:: Data in this exercise ::
[Start of section]
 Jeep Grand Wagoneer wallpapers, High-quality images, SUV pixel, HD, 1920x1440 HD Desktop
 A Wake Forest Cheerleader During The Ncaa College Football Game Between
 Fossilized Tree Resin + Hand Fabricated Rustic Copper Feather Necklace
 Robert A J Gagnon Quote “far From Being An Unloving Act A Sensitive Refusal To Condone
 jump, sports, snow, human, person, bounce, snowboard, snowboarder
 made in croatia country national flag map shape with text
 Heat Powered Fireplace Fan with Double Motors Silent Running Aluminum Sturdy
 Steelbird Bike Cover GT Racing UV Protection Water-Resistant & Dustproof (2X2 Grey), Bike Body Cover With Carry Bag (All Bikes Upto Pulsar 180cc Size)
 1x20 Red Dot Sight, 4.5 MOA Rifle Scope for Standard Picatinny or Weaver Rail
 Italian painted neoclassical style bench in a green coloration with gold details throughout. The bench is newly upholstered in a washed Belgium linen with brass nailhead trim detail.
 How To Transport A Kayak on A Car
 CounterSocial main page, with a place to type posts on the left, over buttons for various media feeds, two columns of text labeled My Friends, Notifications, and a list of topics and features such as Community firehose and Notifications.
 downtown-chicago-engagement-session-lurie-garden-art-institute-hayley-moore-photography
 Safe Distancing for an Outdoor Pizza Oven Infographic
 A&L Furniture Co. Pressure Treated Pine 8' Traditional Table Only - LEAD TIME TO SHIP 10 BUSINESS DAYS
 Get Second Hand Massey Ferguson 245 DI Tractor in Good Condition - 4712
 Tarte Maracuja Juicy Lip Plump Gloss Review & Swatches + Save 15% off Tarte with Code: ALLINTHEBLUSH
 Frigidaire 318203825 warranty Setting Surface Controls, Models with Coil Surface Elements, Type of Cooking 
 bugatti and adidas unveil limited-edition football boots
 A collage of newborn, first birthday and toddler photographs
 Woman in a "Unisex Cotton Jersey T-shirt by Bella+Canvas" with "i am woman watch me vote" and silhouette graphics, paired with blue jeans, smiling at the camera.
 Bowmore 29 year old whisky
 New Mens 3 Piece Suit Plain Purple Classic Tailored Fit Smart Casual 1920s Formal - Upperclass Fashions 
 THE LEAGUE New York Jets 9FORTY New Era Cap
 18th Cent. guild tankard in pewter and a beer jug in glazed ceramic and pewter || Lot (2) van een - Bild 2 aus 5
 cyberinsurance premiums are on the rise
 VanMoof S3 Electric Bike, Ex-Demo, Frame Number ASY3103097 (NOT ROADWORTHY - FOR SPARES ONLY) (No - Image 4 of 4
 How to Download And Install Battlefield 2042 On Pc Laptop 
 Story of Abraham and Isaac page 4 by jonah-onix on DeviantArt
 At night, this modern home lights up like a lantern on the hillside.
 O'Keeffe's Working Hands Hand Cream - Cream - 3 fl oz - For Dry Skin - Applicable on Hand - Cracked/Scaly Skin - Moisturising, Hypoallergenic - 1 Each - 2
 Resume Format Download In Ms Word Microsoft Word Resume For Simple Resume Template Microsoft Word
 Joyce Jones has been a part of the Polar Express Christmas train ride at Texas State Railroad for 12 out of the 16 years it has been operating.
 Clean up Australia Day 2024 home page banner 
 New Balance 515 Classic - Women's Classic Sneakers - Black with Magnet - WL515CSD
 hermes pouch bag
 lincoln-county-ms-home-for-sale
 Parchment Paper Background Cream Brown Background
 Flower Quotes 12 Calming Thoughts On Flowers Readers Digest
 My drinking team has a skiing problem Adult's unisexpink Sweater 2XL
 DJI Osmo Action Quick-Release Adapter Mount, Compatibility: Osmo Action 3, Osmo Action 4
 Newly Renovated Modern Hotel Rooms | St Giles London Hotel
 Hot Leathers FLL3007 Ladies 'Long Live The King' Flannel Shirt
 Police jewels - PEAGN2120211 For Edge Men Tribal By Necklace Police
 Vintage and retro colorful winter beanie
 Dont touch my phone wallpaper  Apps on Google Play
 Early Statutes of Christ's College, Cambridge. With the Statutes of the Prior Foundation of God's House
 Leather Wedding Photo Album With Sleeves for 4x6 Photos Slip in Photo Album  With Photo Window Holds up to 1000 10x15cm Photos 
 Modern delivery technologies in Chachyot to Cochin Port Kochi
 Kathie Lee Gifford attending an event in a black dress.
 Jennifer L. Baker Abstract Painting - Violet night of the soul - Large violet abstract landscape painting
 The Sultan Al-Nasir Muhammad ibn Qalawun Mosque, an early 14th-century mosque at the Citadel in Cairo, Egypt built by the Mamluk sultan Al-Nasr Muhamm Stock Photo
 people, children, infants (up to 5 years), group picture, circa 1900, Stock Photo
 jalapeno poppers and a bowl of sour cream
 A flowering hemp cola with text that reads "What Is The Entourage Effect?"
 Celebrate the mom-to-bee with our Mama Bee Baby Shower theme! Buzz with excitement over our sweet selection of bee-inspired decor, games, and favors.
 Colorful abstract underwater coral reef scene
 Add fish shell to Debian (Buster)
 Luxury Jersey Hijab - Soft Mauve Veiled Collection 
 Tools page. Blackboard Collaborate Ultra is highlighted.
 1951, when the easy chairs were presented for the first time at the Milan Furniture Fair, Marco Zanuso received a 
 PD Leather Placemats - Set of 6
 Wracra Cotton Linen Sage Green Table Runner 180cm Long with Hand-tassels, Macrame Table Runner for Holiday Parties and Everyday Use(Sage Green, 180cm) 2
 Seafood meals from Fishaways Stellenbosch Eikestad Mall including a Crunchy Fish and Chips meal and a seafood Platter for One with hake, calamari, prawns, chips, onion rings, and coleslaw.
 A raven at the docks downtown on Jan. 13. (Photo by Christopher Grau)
[End of section]
:: Your objective ::
Return the listing above word for word.

:: Task answer ::
 Jeep Grand Wagoneer wallpapers, High-quality images, SUV pixel, HD, 1920x1440 HD Desktop
 A Wake Forest Cheerleader During The Ncaa College Football Game Between
 Fossilized Tree Resin + Hand Fabricated Rustic Copper Feather Necklace
 Robert A J Gagnon Quote “far From Being An Unloving Act A Sensitive Refusal To Condone
 jump, sports, snow, human, person, bounce, snowboard, snowboarder
 made in croatia country national flag map shape with text
 Heat Powered Fireplace Fan with Double Motors Silent Running Aluminum Sturdy
 Steelbird Bike Cover GT Racing UV Protection Water-Resistant & Dustproof (2X2 Grey), Bike Body Cover With Carry Bag (All Bikes Upto Pulsar 180cc Size)
 1x20 Red Dot Sight, 4.5 MOA Rifle Scope for Standard Picatinny or Weaver Rail
 Italian painted neoclassical style bench in a green coloration with gold details throughout. The bench is newly upholstered in a washed Belgium linen with brass nailhead trim detail.
 How To Transport A Kayak on A Car
 CounterSocial main page, with a place to type posts on the left, over buttons for various media feeds, two columns of text labeled My Friends, Notifications, and a list of topics and features such as Community firehose and Notifications.
 downtown-chicago-engagement-session-lurie-garden-art-institute-hayley-moore-photography
 Safe Distancing for an Outdoor Pizza Oven Infographic
 A&L Furniture Co. Pressure Treated Pine 8' Traditional Table Only - LEAD TIME TO SHIP 10 BUSINESS DAYS
 Get Second Hand Massey Ferguson 245 DI Tractor in Good Condition - 4712
 Tarte Maracuja Juicy Lip Plump Gloss Review & Swatches + Save 15% off Tarte with Code: ALLINTHEBLUSH
 Frigidaire 318203825 warranty Setting Surface Controls, Models with Coil Surface Elements, Type of Cooking 
 bugatti and adidas unveil limited-edition football boots
 A collage of newborn, first birthday and toddler photographs
 Woman in a "Unisex Cotton Jersey T-shirt by Bella+Canvas" with "i am woman watch me vote" and silhouette graphics, paired with blue jeans, smiling at the camera.
 Bowmore 29 year old whisky
 New Mens 3 Piece Suit Plain Purple Classic Tailored Fit Smart Casual 1920s Formal - Upperclass Fashions 
 THE LEAGUE New York Jets 9FORTY New Era Cap
 18th Cent. guild tankard in pewter and a beer jug in glazed ceramic and pewter || Lot (2) van een - Bild 2 aus 5
 cyberinsurance premiums are on the rise
 VanMoof S3 Electric Bike, Ex-Demo, Frame Number ASY3103097 (NOT ROADWORTHY - FOR SPARES ONLY) (No - Image 4 of 4
 How to Download And Install Battlefield 2042 On Pc Laptop 
 Story of Abraham and Isaac page 4 by jonah-onix on DeviantArt
 At night, this modern home lights up like a lantern on the hillside.
 O'Keeffe's Working Hands Hand Cream - Cream - 3 fl oz - For Dry Skin - Applicable on Hand - Cracked/Scaly Skin - Moisturising, Hypoallergenic - 1 Each - 2
 Resume Format Download In Ms Word Microsoft Word Resume For Simple Resume Template Microsoft Word
 Joyce Jones has been a part of the Polar Express Christmas train ride at Texas State Railroad for 12 out of the 16 years it has been operating.
 Clean up Australia Day 2024 home page banner 
 New Balance 515 Classic - Women's Classic Sneakers - Black with Magnet - WL515CSD
 hermes pouch bag
 lincoln-county-ms-home-for-sale
 Parchment Paper Background Cream Brown Background
 Flower Quotes 12 Calming Thoughts On Flowers Readers Digest
 My drinking team has a skiing problem Adult's unisexpink Sweater 2XL
 DJI Osmo Action Quick-Release Adapter Mount, Compatibility: Osmo Action 3, Osmo Action 4
 Newly Renovated Modern Hotel Rooms | St Giles London Hotel
 Hot Leathers FLL3007 Ladies 'Long Live The King' Flannel Shirt
 Police jewels - PEAGN2120211 For Edge Men Tribal By Necklace Police
 Vintage and retro colorful winter beanie
 Dont touch my phone wallpaper  Apps on Google Play
 Early Statutes of Christ's College, Cambridge. With the Statutes of the Prior Foundation of God's House
 Leather Wedding Photo Album With Sleeves for 4x6 Photos Slip in Photo Album  With Photo Window Holds up to 1000 10x15cm Photos 
 Modern delivery technologies in Chachyot to Cochin Port Kochi
 Kathie Lee Gifford attending an event in a black dress.
 Jennifer L. Baker Abstract Painting - Violet night of the soul - Large violet abstract landscape painting
 The Sultan Al-Nasir Muhammad ibn Qalawun Mosque, an early 14th-century mosque at the Citadel in Cairo, Egypt built by the Mamluk sultan Al-Nasr Muhamm Stock Photo
 people, children, infants (up to 5 years), group picture, circa 1900, Stock Photo
 jalapeno poppers and a bowl of sour cream
 A flowering hemp cola with text that reads "What Is The Entourage Effect?"
 Celebrate the mom-to-bee with our Mama Bee Baby Shower theme! Buzz with excitement over our sweet selection of bee-inspired decor, games, and favors.
 Colorful abstract underwater coral reef scene
 Add fish shell to Debian (Buster)
 Luxury Jersey Hijab - Soft Mauve Veiled Collection 
 Tools page. Blackboard Collaborate Ultra is highlighted.
 1951, when the easy chairs were presented for the first time at the Milan Furniture Fair, Marco Zanuso received a 
 PD Leather Placemats - Set of 6
 Wracra Cotton Linen Sage Green Table Runner 180cm Long with Hand-tassels, Macrame Table Runner for Holiday Parties and Everyday Use(Sage Green, 180cm) 2
 Seafood meals from Fishaways Stellenbosch Eikestad Mall including a Crunchy Fish and Chips meal and a seafood Platter for One with hake, calamari, prawns, chips, onion rings, and coleslaw.
 A raven at the docks downtown on Jan. 13. (Photo by Christopher Grau)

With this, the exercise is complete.